で、そのとき、いったい何事が起きたんだろうと二階に下りていったら、ベトナムから帰ってきたばかりの開高”大音声”先生が応接室に怒りをあらわにした顔で座っておられる。それで、どうして先生が「バカもの!」と叫ばれたのか、聞いてみると実はこういうことだったんです。
●「それはダミーです」
ベトナムから帰国したあとまず、当時日比谷にあった朝日新聞社に顔を出し、それから初めてサン・アドのオフィスに顔を出した。一応オフィスのなかにスタジオもあって、サントリーの商品の撮影などは主にそのスタジオでやっていたので、撮影に使ったウィスキーのボトルなども置いてあったんです。で、そのスタジオに置いてあった高級ウィスキーのボトルに先生はさっそく手を伸ばし、グラスに注いで一杯やったあと、「うーん、さすがに上物はいいな」と満足げに言って、ソファにひっくり返った途端、そのスタジオの管理をしていた当時の写真部長が、「あっ先生、すいません、それはダミーです」と言ってしまったらしいんです(笑)。
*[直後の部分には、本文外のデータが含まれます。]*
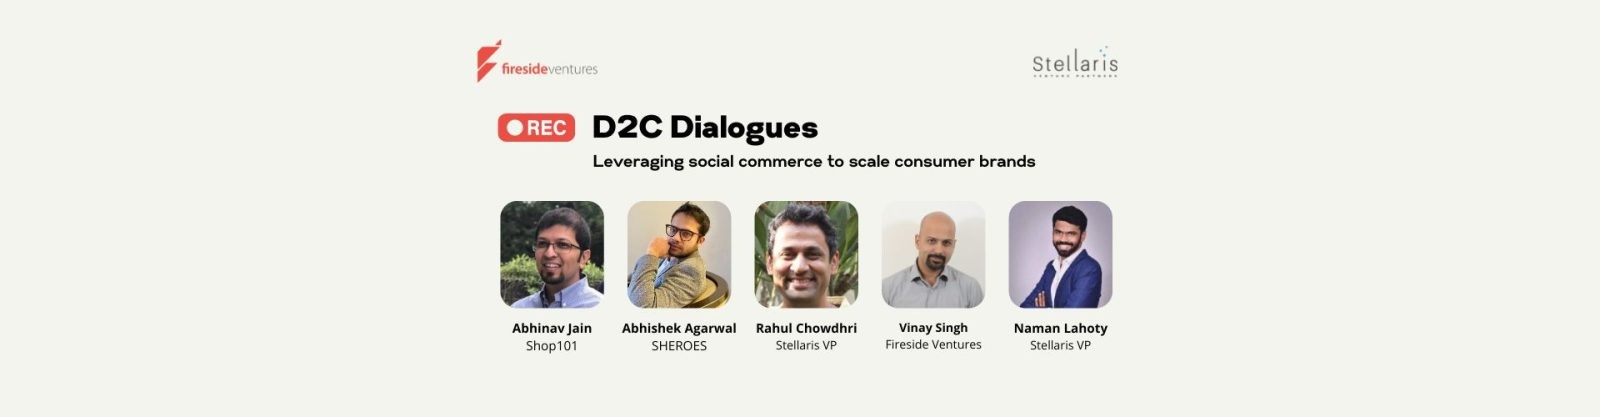 D2C Dialogues #4: Leveraging social commerce to scale consumer brands

……たぶん先生がそのとき飲んだボトルの中身はトリスで(笑)、撮影用のダミーだった。つまり先生は偽物のウィスキーをそれと知らず飲んだのだけど、久しぶりにベトナムから日本に帰ってきたばかりだったので、それをうまいと思ったのでしょう(笑)。で、言わなきゃいいのに「先生、それはダミーです」と言っちゃったものだからたまらない。先生、怒ってしまって、「黙っとれ、バカもの!」ってもうビル中全体に響き渡るようなものすごく大きな怒鳴り声を上げた。そのあと怒ったままの顔を見たのが、私と開高さんの初めての出会いでした。
(『ごぞんじ開高健 開高健記念会〈紅茶会〉講演集Ⅴ』 東條忠義 「開高健・映像の裏側」より)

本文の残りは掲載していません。